Search code examples
stringsmalltalkpharovisualworksdolphin-smalltalk

Indices of a substring in Smalltalk


It seems Smalltalk implementations misses an algorithm which return all the indices of a substring in a String. The most similar ones returns only one index of an element, for example : firstIndexesOf:in: , findSubstring:, findAnySubstring: variants.

There are implementations in Ruby but the first one relies on a Ruby hack, the second one does not work ignoring overlapping Strings and the last one uses an Enumerator class which I don't know how to translate to Smalltalk. I wonder if this Python implementation is the best path to start since considers both cases, overlapping or not and does not uses regular expressions.

My goal is to find a package or method which provides the following behavior:

'ABDCDEFBDAC' indicesOf: 'BD'. "#(2 8)"

When overlapping is considered:

'nnnn' indicesOf: 'nn' overlapping: true. "#(0 2)"

When overlapping is not considered:

'nnnn' indicesOf 'nn' overlapping: false. "#(0 1 2)"

In Pharo, when a text is selected in a Playground, a scanner detects the substring and highlights matches.
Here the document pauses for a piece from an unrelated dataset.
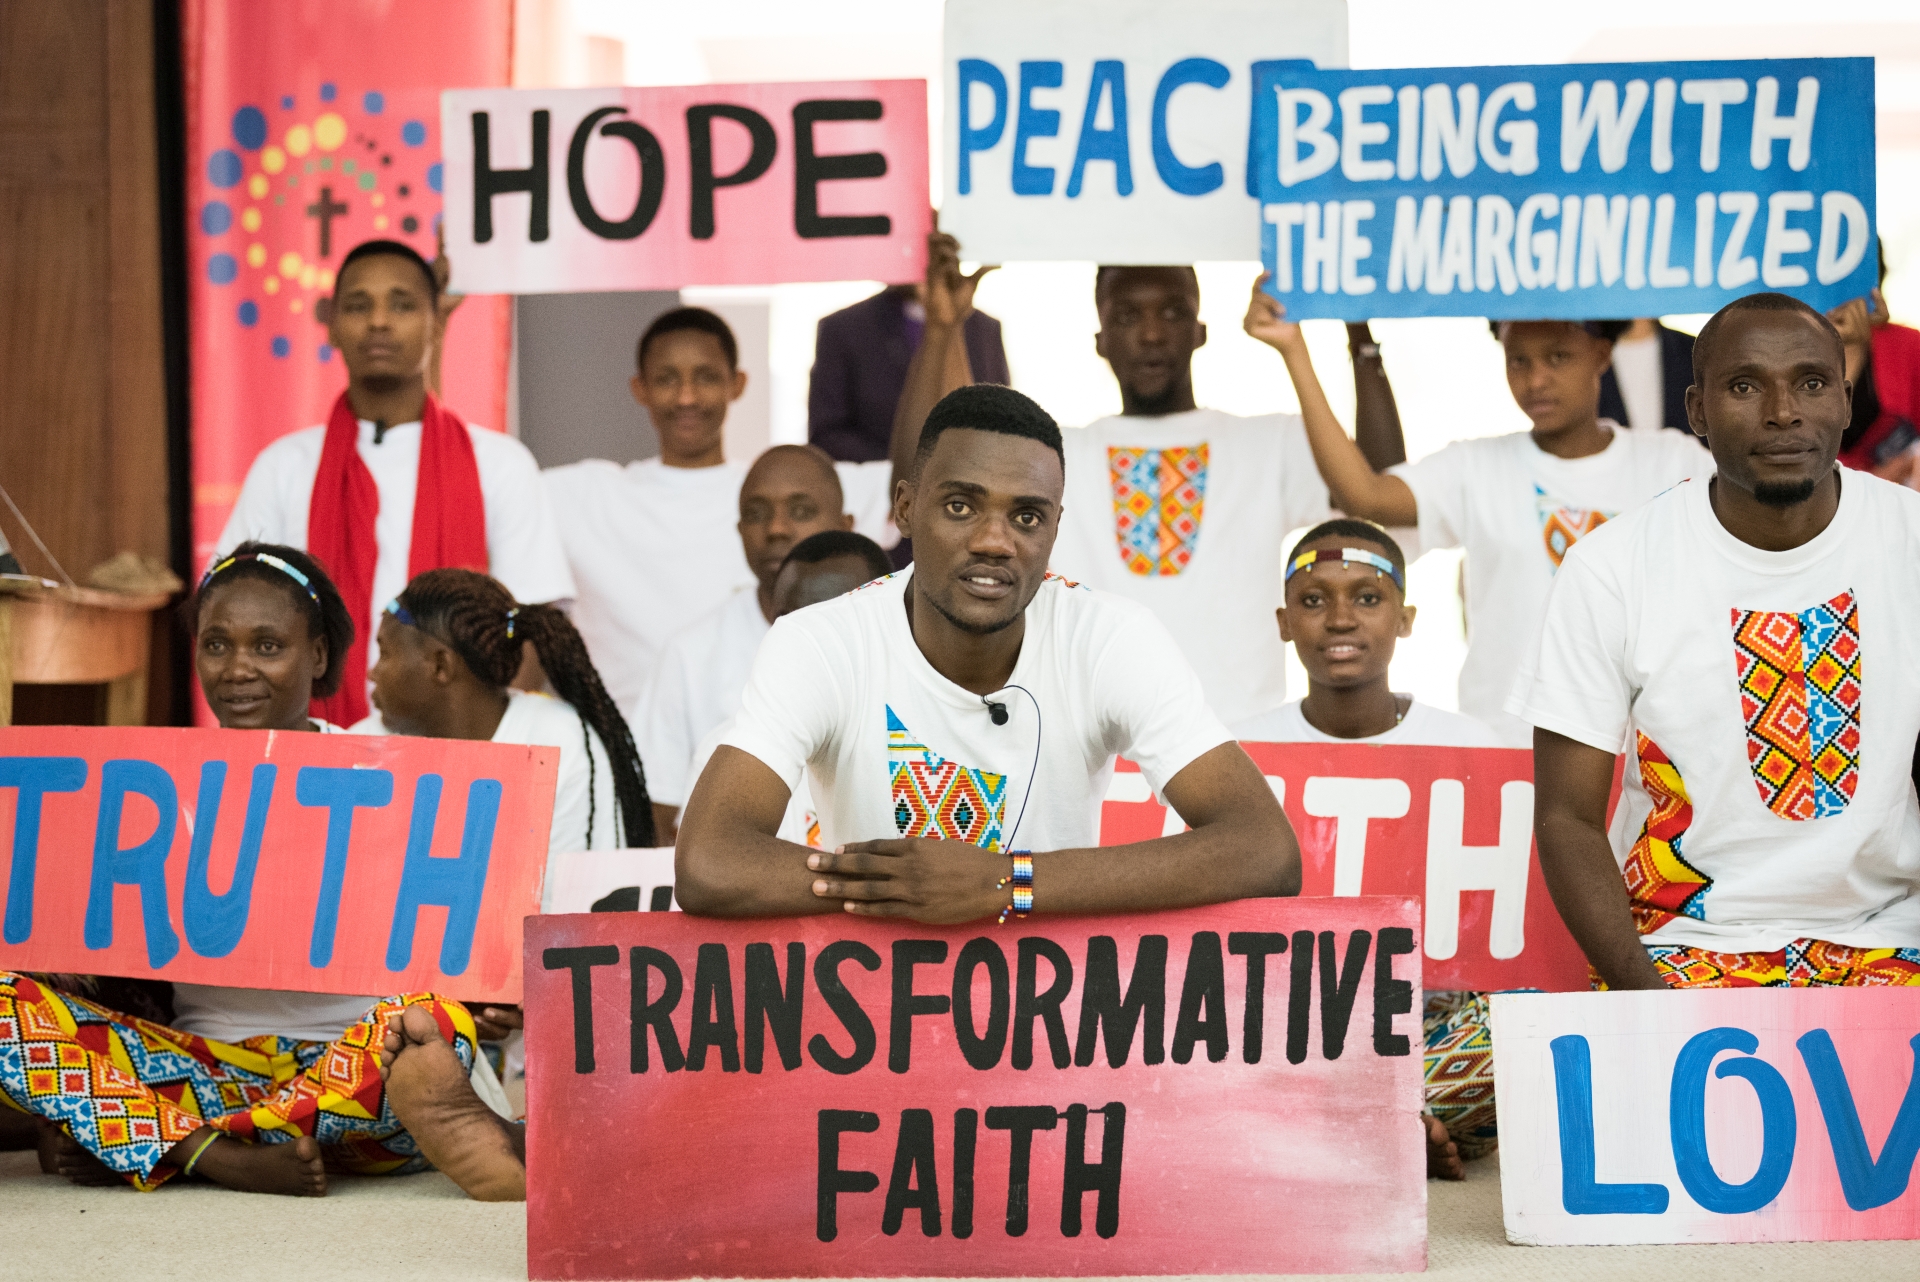 Nuoret pitävät kylttejä, joissa sanat: truht, love, hope, transformative faith, peace, being with the marginalized

However I couldn't find a String implementation of this.

My best effort so far results in this implementation in String (Pharo 6):

indicesOfSubstring: subString
  | indices i |

  indices := OrderedCollection new: self size.
  i := 0.
  [ (i := self findString: subString startingAt: i + 1) > 0 ] whileTrue: [
    indices addLast: i ].
  ^ indices

Solution

  • Let me firstly clarify that Smalltalk collections are 1-based, not 0-based. Therefore your examples should read

    'nnnn' indexesOf: 'nn' overlapping: false. "#(1 3)"
    'nnnn' indexesOf: 'nn' overlapping: true. "#(1 2 3)"
    

    Note that I've also taken notice of @lurker's observation (and have tweaked the selector too).

    Now, starting from your code I would change it as follows:

    indexesOfSubstring: subString overlapping: aBoolean
      | n indexes i |
      n := subString size.
      indexes := OrderedCollection new.                            "removed the size"
      i := 1.                                                      "1-based"
      [
        i := self findString: subString startingAt: i.             "split condition"
        i > 0]
      whileTrue: [
        indexes add: i.                                            "add: = addLast:"
        i := aBoolean ifTrue: [i + 1] ifFalse: [i + n]].           "new!"
      ^indexes
    

    Make sure you write some few unit tests (and don't forget to exercise the border cases!)